If AI writes most of your refactoring:

  • code becomes harder to reason about
  • intent disappears
  • onboarding slows down

👉 Countermeasure:

Ask AI:

“Explain why this design was chosen over a simpler alternative.”

If the answer is vague → the design is weak.


Reviewing AI Code Like a Senior

Static analysis won’t save you.

Tools like PHPStan check correctness—not intent.


What to actually review

1. Semantic correctness

Did we simplify—or just move complexity?

2. Concurrency safety

  • hidden state mutation
  • ordering assumptions
  • error propagation

3. Edge cases

Ask AI explicitly:

“Simulate a timeout during async execution. What breaks?”

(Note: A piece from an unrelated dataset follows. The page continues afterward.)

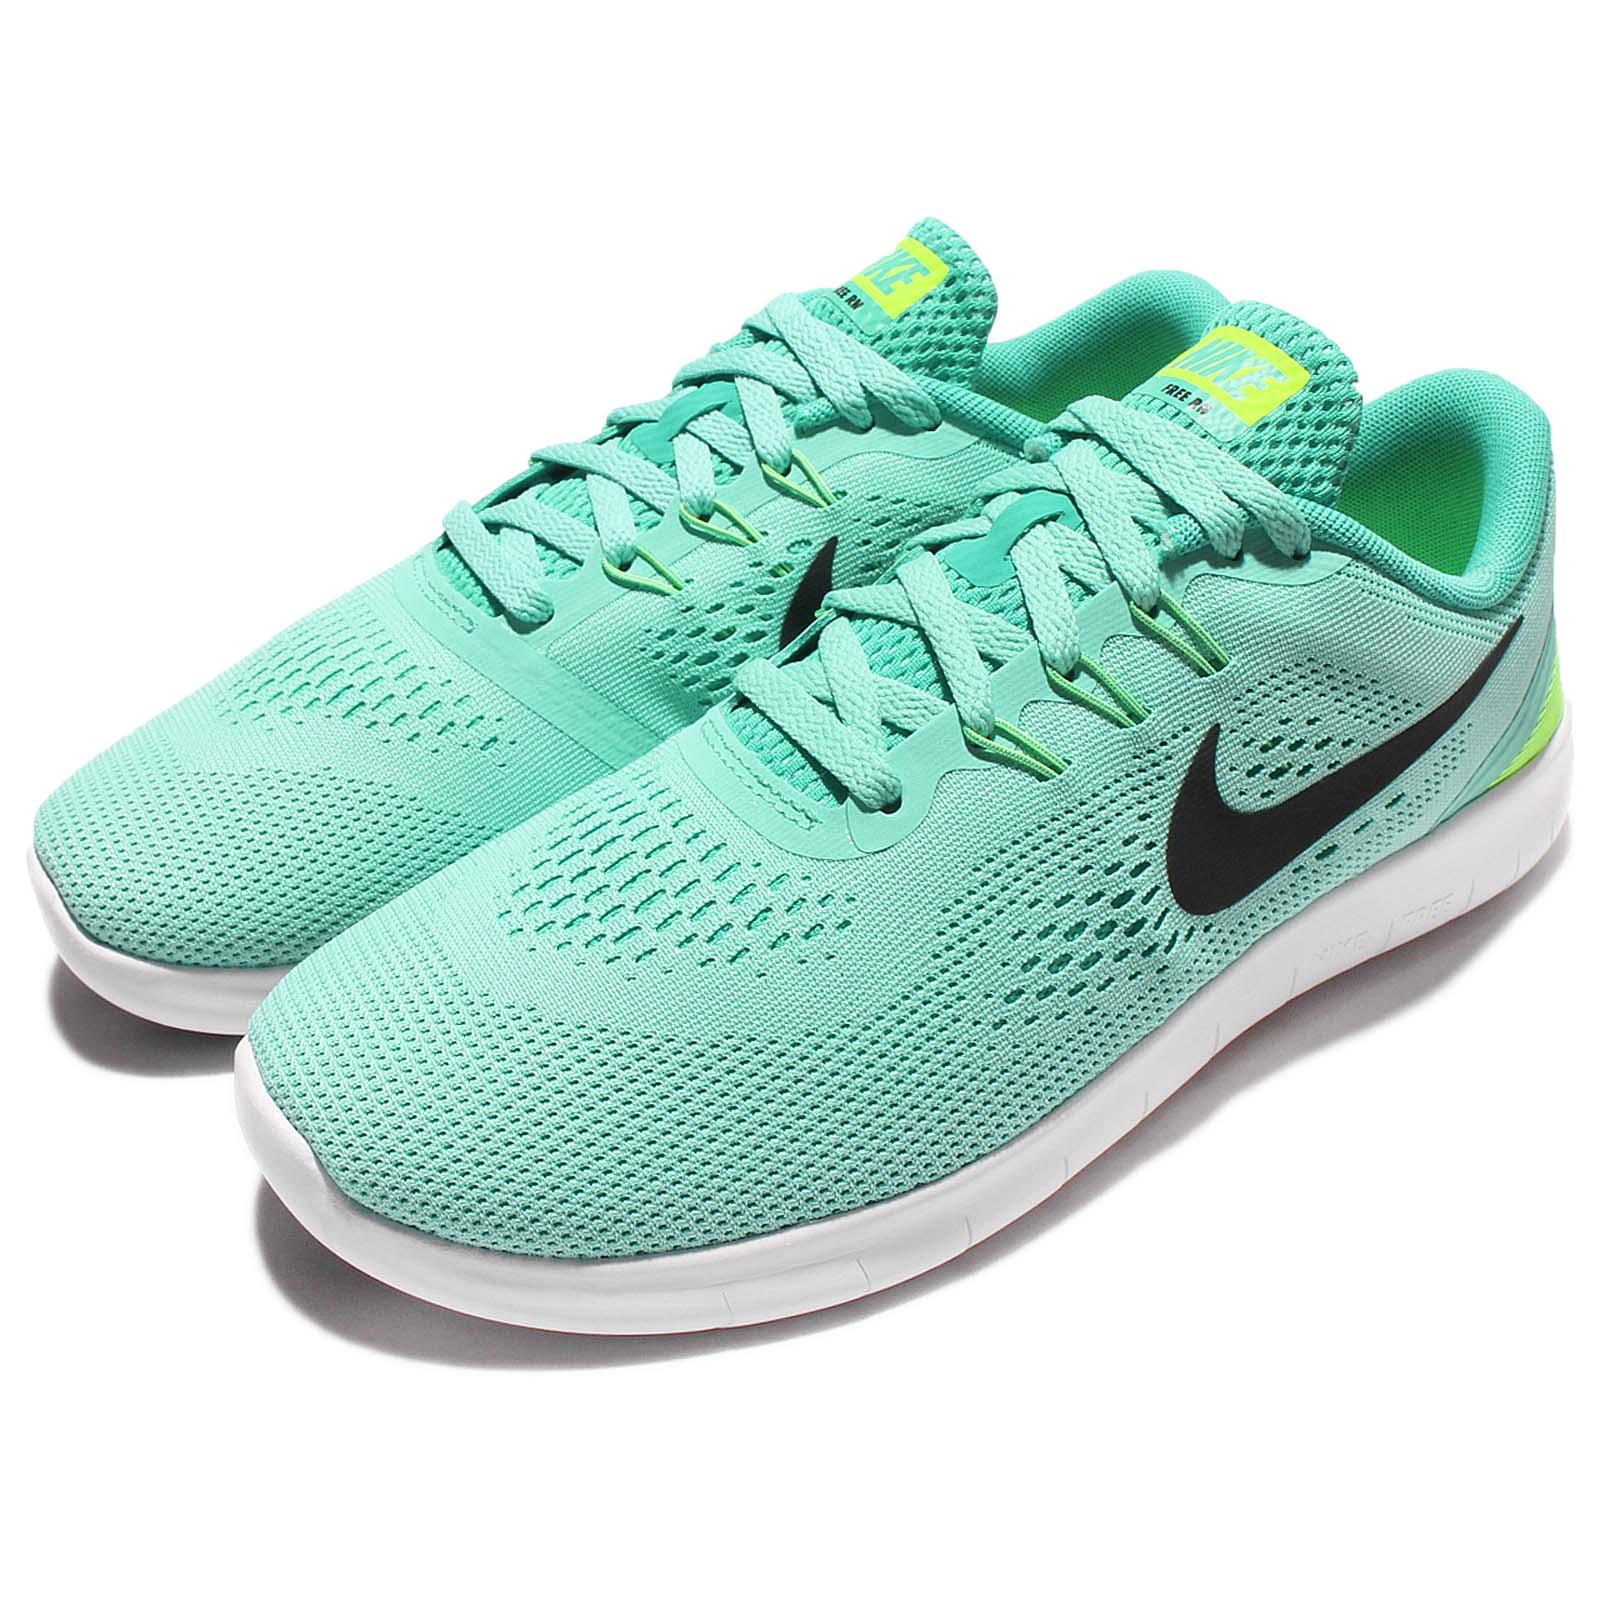 Nike 慢跑鞋 Free RN GS 女鞋 833993-300

The 2026 Refactoring Checklist

Before merging:

  • Type safety → strict, explicit
  • No hidden shared state
  • Async is intentional (not accidental)
  • Dependencies are minimal and meaningful
  • Errors are explicit (no silent nulls)
  • You can explain every change

If not:

→ don’t merge it


Final Thoughts

AI is an accelerator—but also a multiplier of mistakes.

It tends to:

  • add complexity
  • over-engineer
  • hide intent

Your role is no longer just writing code.

It’s curating it.

The real senior skill in 2026 is knowing when to say:

“This is too clever. Make it simple.”

Because great refactoring isn’t about adding concurrency.

It’s about removing everything that doesn’t need to be there.